Complex batch-multivariate: tfp.distributions.MultivariateNormalDiag("MultivariateNormalDiag", batch_shape=[2], event_shape=[3], dtype=float32)
Batch shape: (2,)
Event shape: (3,)
Result shape: (2,)
Result values: tf.Tensor([ -3.9172401 -11.917513 ], shape=(2,), dtype=float32)


'\nSHAPE ANALYSIS:\n- Input: [0., -1., 1.] has shape (3,) - matches event_shape=[3] ✓\n- batch_shape=[2] means we have 2 different distributions\n- Each distribution computes log_prob for the same input vector\n- Output shape: (2,) - one log probability per distribution\n\nRESULT INTERPRETATION:\n[log_prob_dist1, log_prob_dist2] where:\n- log_prob_dist1: log P([0., -1., 1.]) under distribution 1\n- log_prob_dist2: log P([0., -1., 1.]) under distribution 2\n'

### 6.2 **Shape Rules Summary**

| **Distribution Type** | **Batch Shape** | **Event Shape** | **Sample Shape** | **Final Output** |
|----------------------|----------------|-----------------|------------------|------------------|
| **Univariate** | `[]` | `[]` | `[n]` | `(n,)` |
| **Batched Univariate** | `[k]` | `[]` | `[n]` | `(n, k)` |
| **Multivariate** | `[]` | `[d]` | `[n]` | `(n, d)` |
| **Batched Multivariate** | `[k]` | `[d]` | `[n]` | `(n, k, d)` |

## 7. **Types of Multivariate Distributions**

### 7.1 **MultivariateNormal Family**

In [61]:
# === DIAGONAL COVARIANCE (Independent components) ===
mv_diag = tfd.MultivariateNormalDiag(
    loc=[0., 1.],
    scale_diag=[2., 0.5]  # Independent variances
)
print("Diagonal covariance shape:", mv_diag.covariance().shape)  

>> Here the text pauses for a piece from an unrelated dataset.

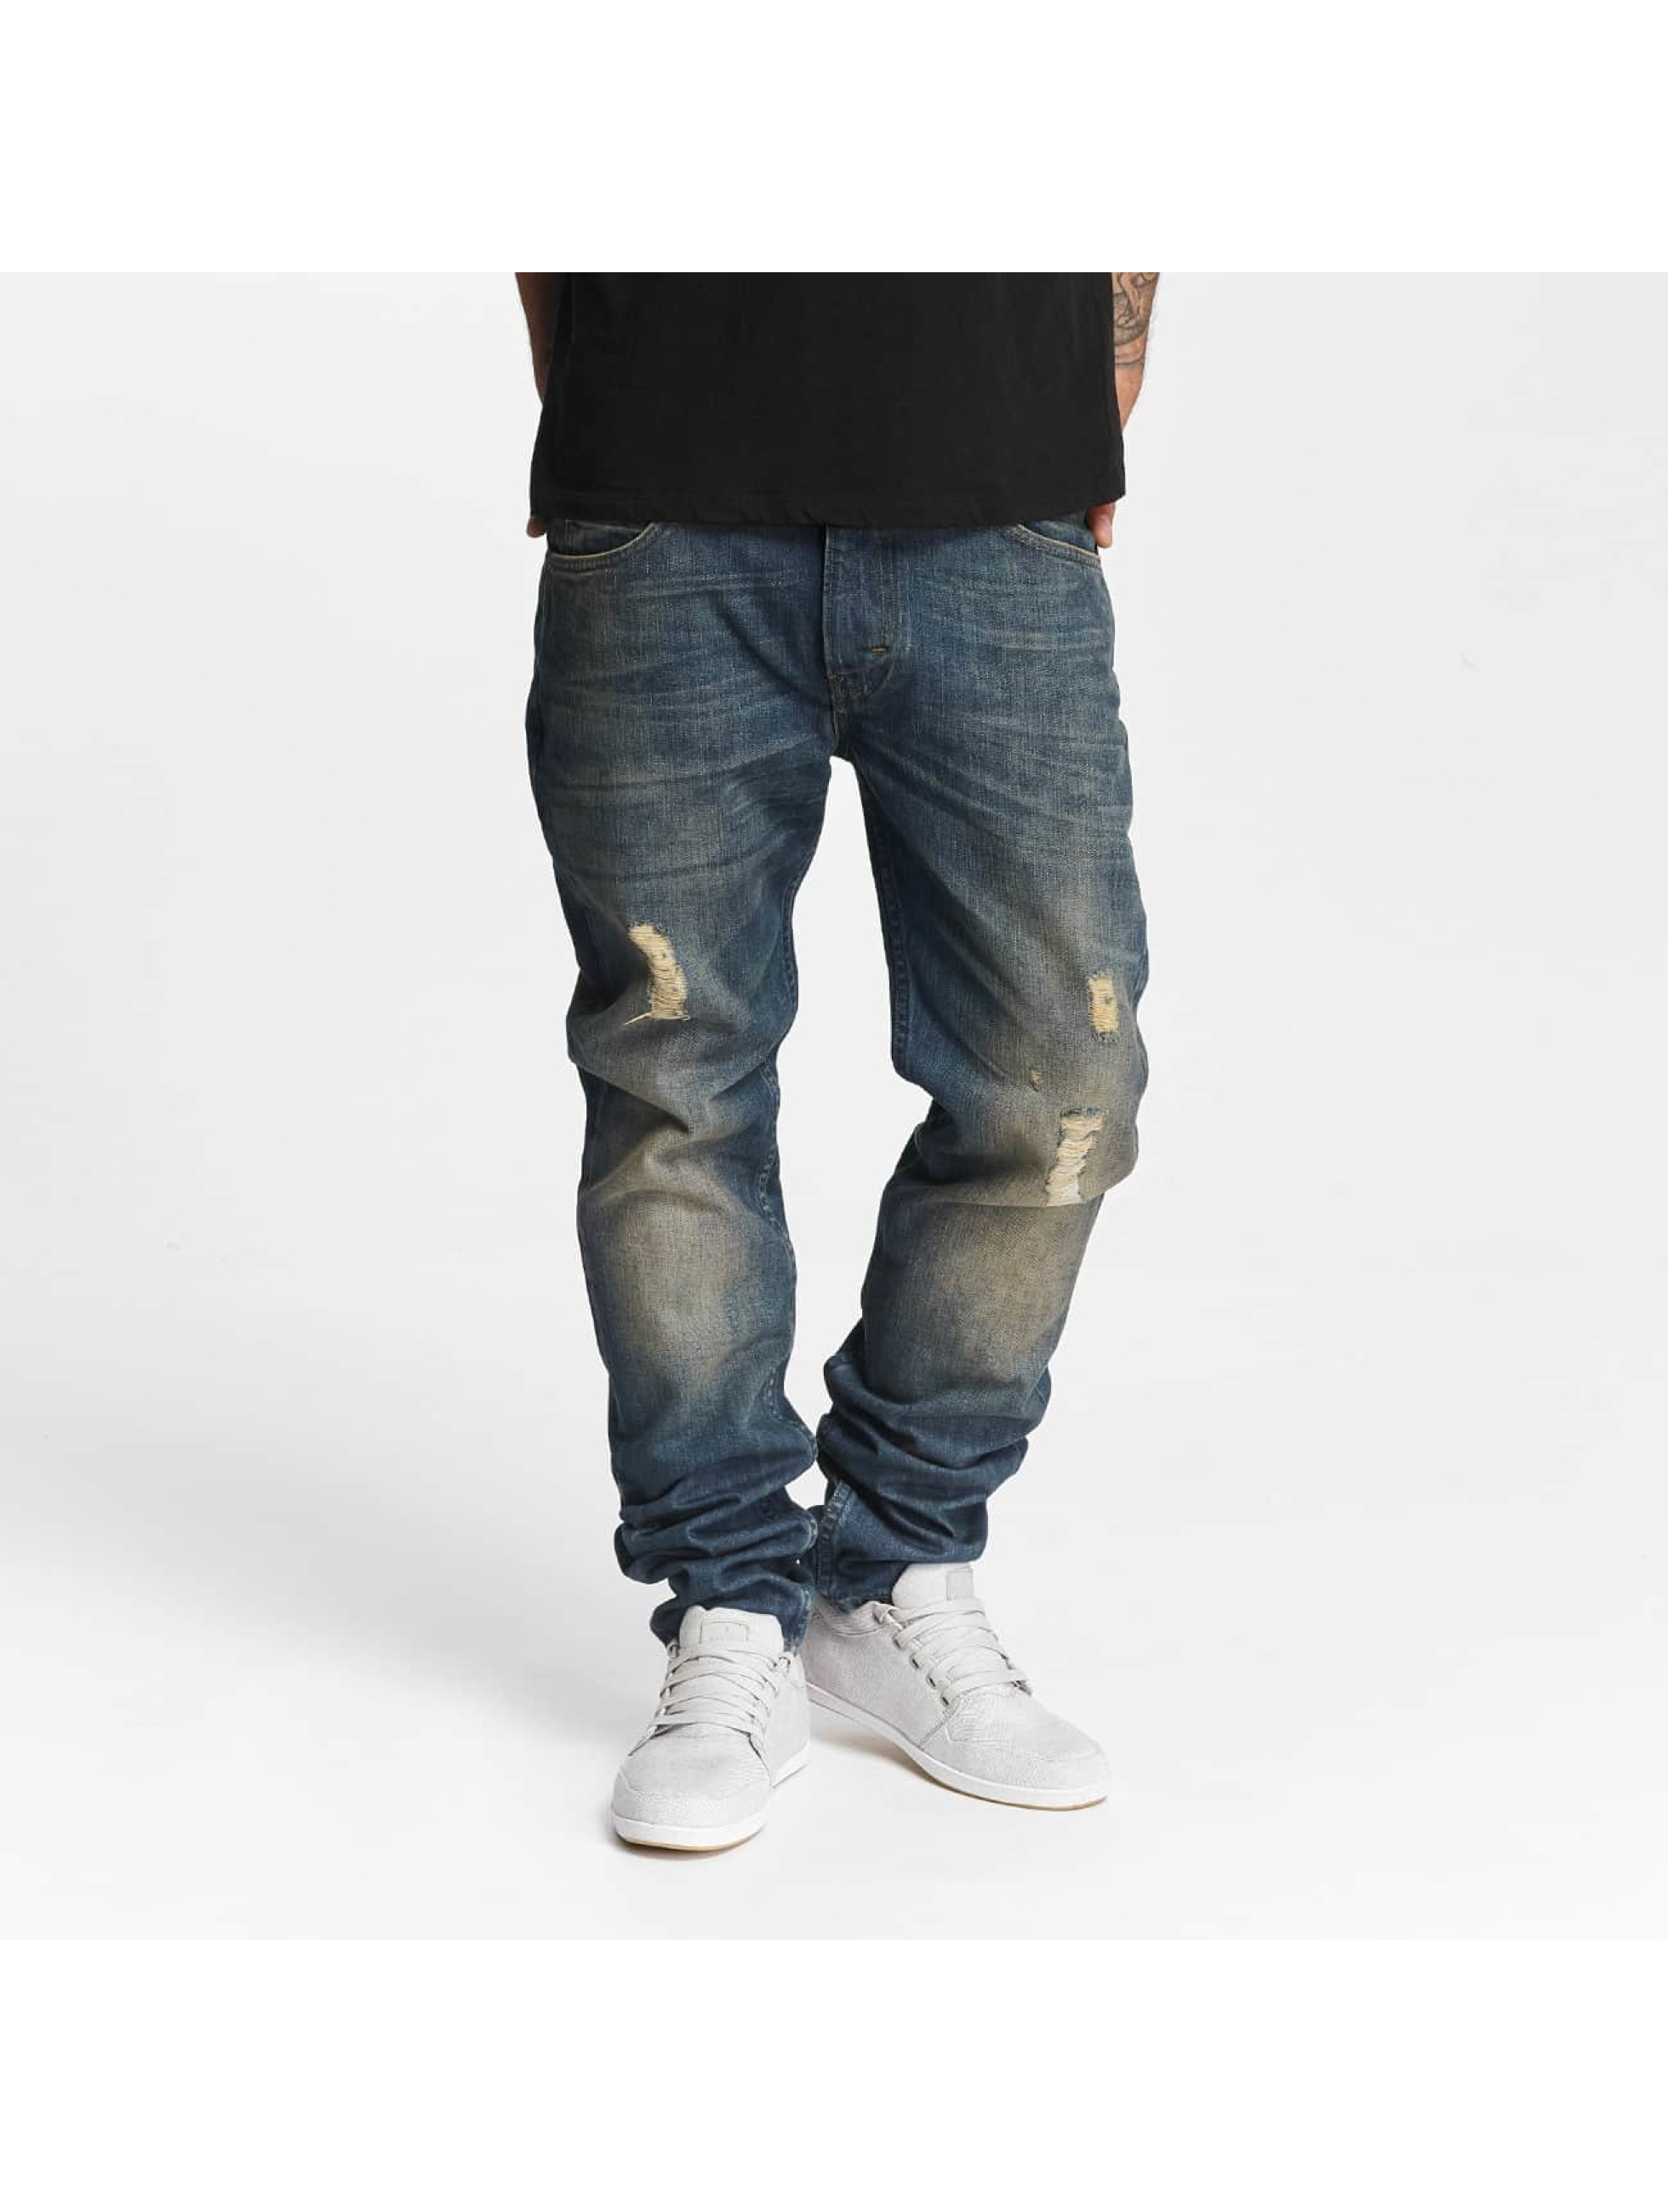 Lee Männer Slim Fit Jeans Rider Destroyed in blau

Diagonal covariance shape: (2, 2)


In [62]:
# === FULL COVARIANCE (Correlated components) ===
covariance_matrix = [[4., 1.2],   # σ₁²=4, σ₁σ₂ρ=1.2  
                     [1.2, 0.25]] # σ₂²=0.25
mv_full = tfd.MultivariateNormalFullCovariance(
    loc=[0., 1.],
    covariance_matrix=covariance_matrix
)
print("Full covariance:\n", mv_full.covariance())

Full covariance:
 tf.Tensor(
[[nan nan]
 [nan nan]], shape=(2, 2), dtype=float32)


In [63]:
# === TRIANGULAR FORM (Efficient parameterization) ===
scale_tril = [[2., 0.],     # Lower triangular Cholesky factor
              [0.6, 0.5]]   # Σ = L L^T
mv_tril = tfd.MultivariateNormalTriL(
    loc=[0., 1.],
    scale_tril=scale_tril
)
print("TriL covariance:\n", mv_tril.covariance())

TriL covariance:
 tf.Tensor(
[[4.   1.2 ]
 [1.2  0.61]], shape=(2, 2), dtype=float32)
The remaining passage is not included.